Restored the Right to Repair with Unanimous Vote
- Unanimously moved to enforce the “Right to Repair” against corporations that make it difficult to repair their products.
- The FTC’s announcement was hailed by advocates and followed by Apple announcing new public access to parts and repair manuals, reversing decades of restrictive repair policies.
- Launched an inquiry into repair terms surrounding McDonald’s perpetually nonfunctioning ice cream machines.
- Launched a public comment period to gather more information about a broader set of one-sided contract terms that may harm fair competition.

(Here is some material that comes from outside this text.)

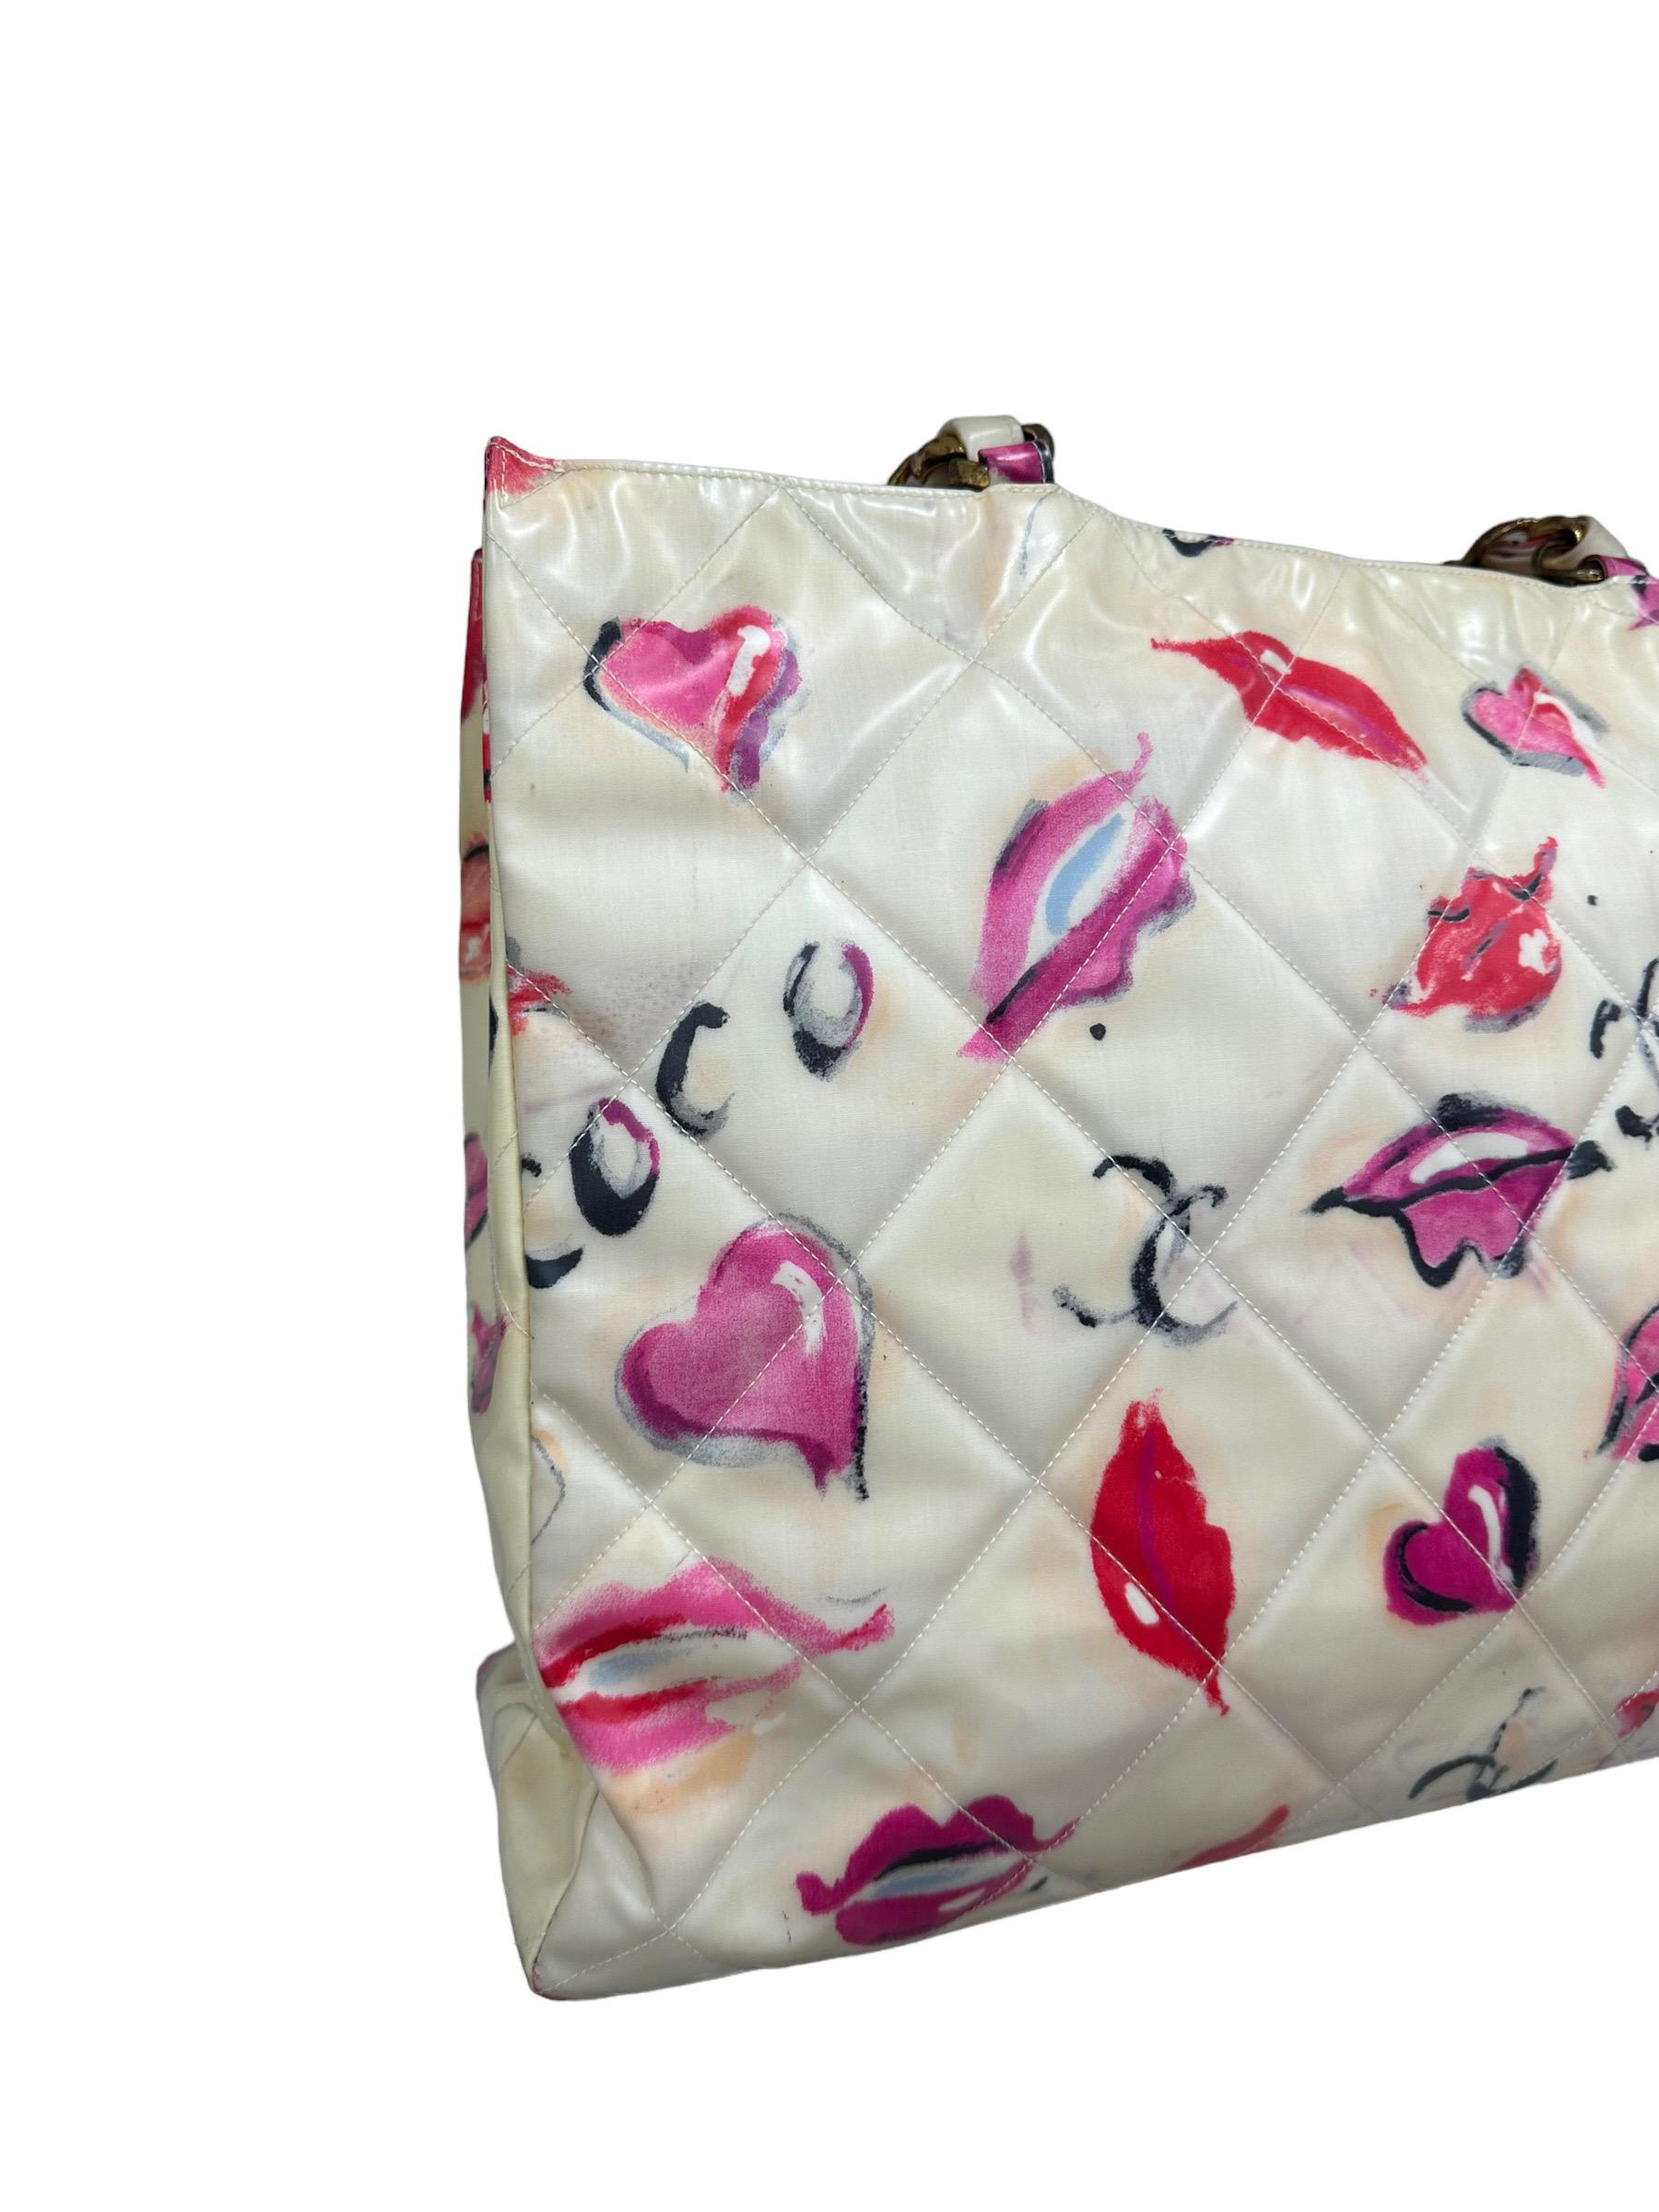 1994 Chanel Kisses & Lips Limited Edition Shoulder Bag For Sale 5
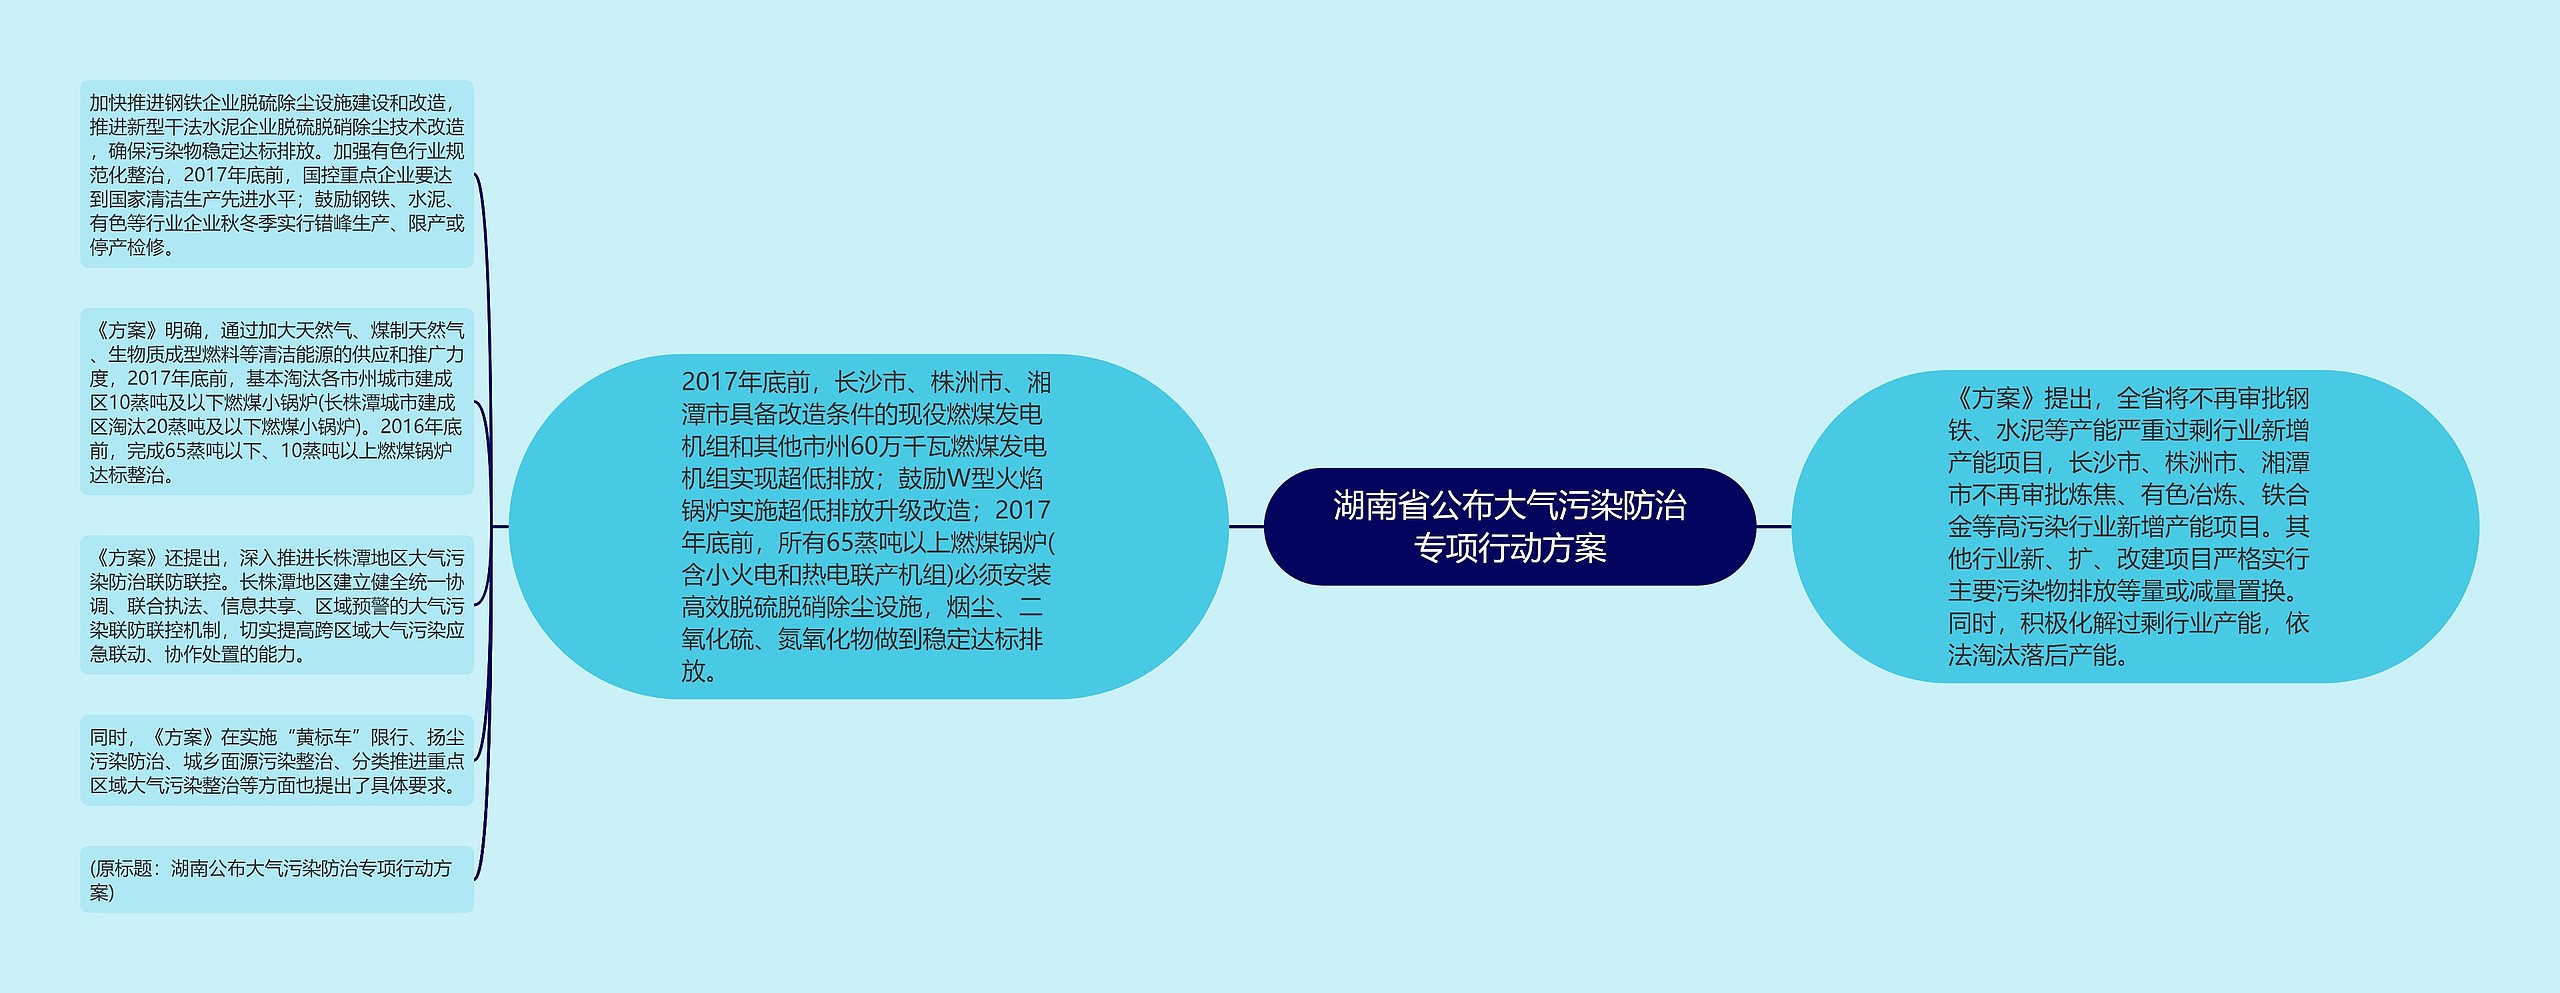 湖南省公布大气污染防治专项行动方案思维导图

Protecting Consumers from Abusive Tricks and Scams
Returned Millions to Working Americans and Curbed Subscription Traps
- Returned over $135 million to working families across the country after it was stolen, swindled, or scammed from them, including:
- Investigated DeVry University, which led to the U.S. Department of Education forgiving $71.7 million in federal student loans for students deceived by the for-profit college.
- Ramped-up enforcement against illegal subscription traps in response to a rising number of complaints about deceptive sign-up tactics, unauthorized charges, and ongoing billing that is impossible to cancel.
Cracked Down on Made in America Fraud Harming Ranchers and Consumers
- Defended American entrepreneurs by issuing a new rule that cracks down on false “Made In USA” labels often used by dominant meatpacking conglomerates.
- The new rule especially benefits small businesses that rely on their Made in America labels, but lack the resources to defend themselves from imitators.
- It also protects and incentivizes U.S. production by requiring companies to prove their products are “all or virtually all” made in the United States if they are to use Made In America labels.